Re-tried the same as above with the master branch from today. The results are certainly different, improved somewhat but still imperfect.

Yeah, it's very much a partial solution so far. It's working by default for the imdb lists etc...

For letterboxd, things are a little trickier as the list pages don't contain the imdb ids. They have to be requested for each one which slows things down a LOT.

I've added an imdb_id_filter option that you can enable if you want this turned on:

...
plugins:
  letterboxd:
    enabled: true
    imdb_id_filter: true
    list_ids:
      - ....

Ultimately, i'll add a plugin for the letterbox API which should solve this.

mikewesten commented 5 months ago

... plugins: letterboxd: enabled: true imdb_id_filter: true list_ids:

I added that line to my config file with the new branch and unfortunately this fails for me.
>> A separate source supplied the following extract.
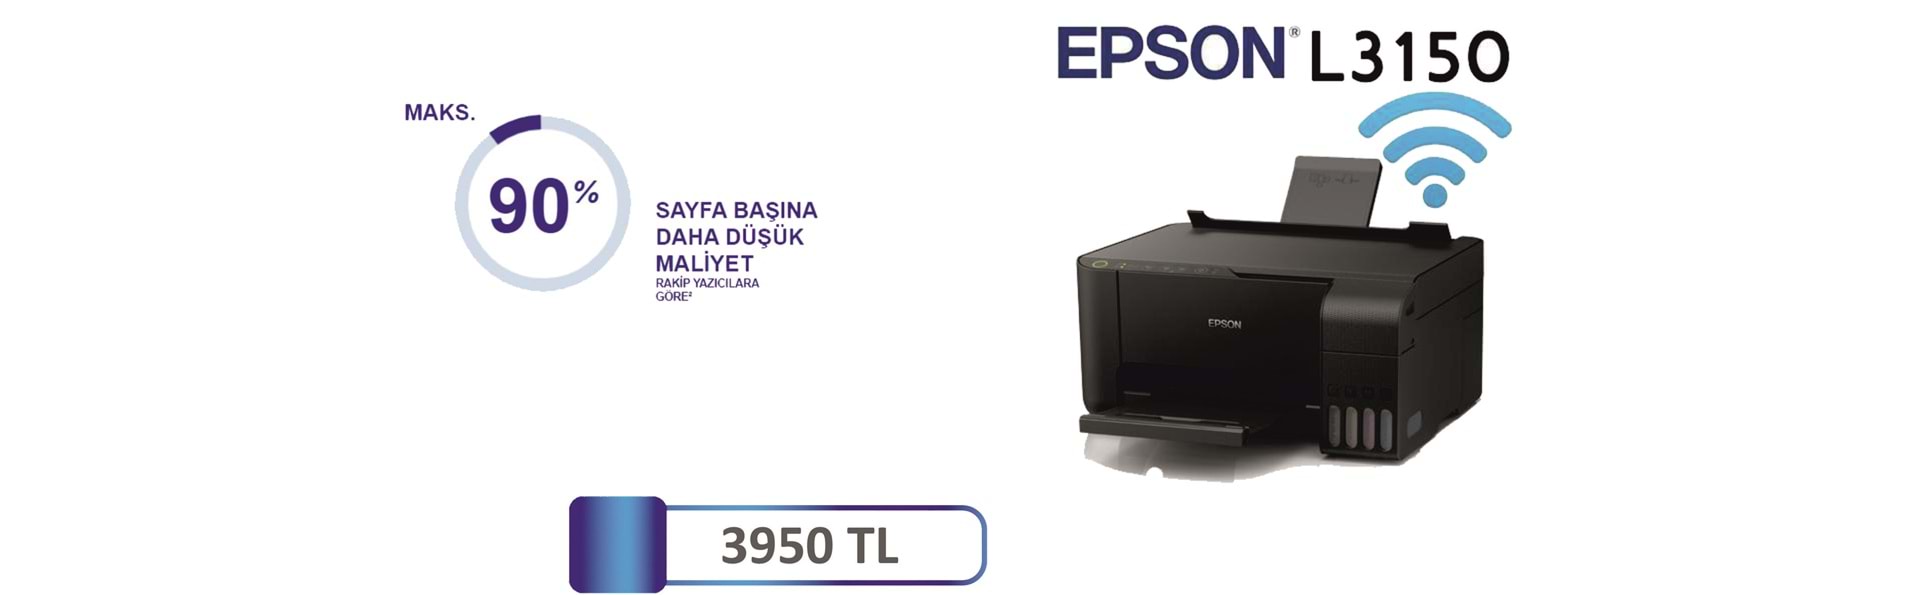 epson l3150 yazıcı
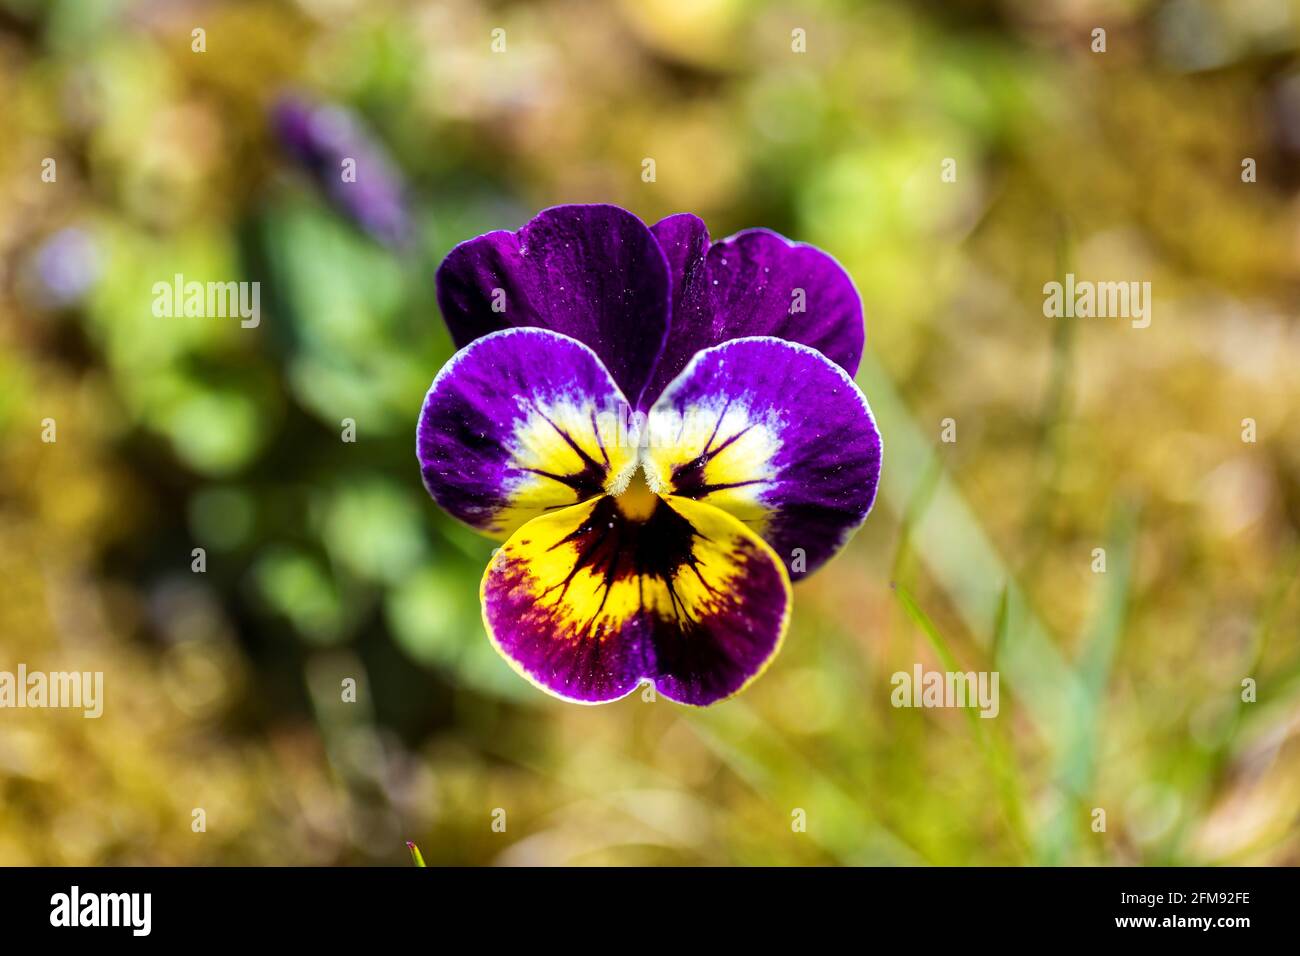 Un portrait de haut en bas d'une seule fleur de violette et jaune debout  dans une pelouse d'herbe d'un jardin par une journée ensoleillée. La petite  usine fait partie de la vio

I thought maybe letterboxd.py also needed the toggle switched on as well (it's False by default), but even with that it also fails.

$ python main.py 2024-06-14 19:40:42.709 | INFO | main::43 - Starting up 2024-06-14 19:40:42.710 | INFO | main::44 - Starting initial run 2024-06-14 19:40:42.898 | INFO | main:main:29 - 2024-06-14 19:40:42.898 | INFO | main:main:30 - 2024-06-14 19:40:42.898 | INFO | main:main:31 - Getting list info for plugin: letterboxd, list id: mitchell/list/indiewires-best-plot-twists-of-the-21st-century/ Traceback (most recent call last): File "main.py", line 45, in main(config) File "main.py", line 32, in main list_info = plugins[plugin_name].get_list(list_id, config['plugins'][plugin_name]) File "/home/mike/Applications/Jellyfin-Auto-Collections-master/plugins/letterboxd.py", line 29, in get_list r = requests.get(f"https://letterboxd.com{movie.find('a')['href']}", headers={'User-Agent': 'Mozilla/5.0'}) AttributeError: 'dict' object has no attribute 'find'

However it sounds like letterbox API will be a better solution anyways.

ghomasHudson commented 5 months ago

... plugins: letterboxd: enabled: true imdb_id_filter: true list_ids: - ....

I added that line to my config file with the new branch and unfortunately this fails for me. I thought maybe letterboxd.py also needed the toggle switched on as well (it's False by default), but even with that it also fails.

Just pushed some fixes which should solve this bug.

mikewesten commented 5 months ago

It solved that bug but now I'm just getting the same results as before minus that one Christmas movie. No matter, IMDB has some okay lists in the meantime.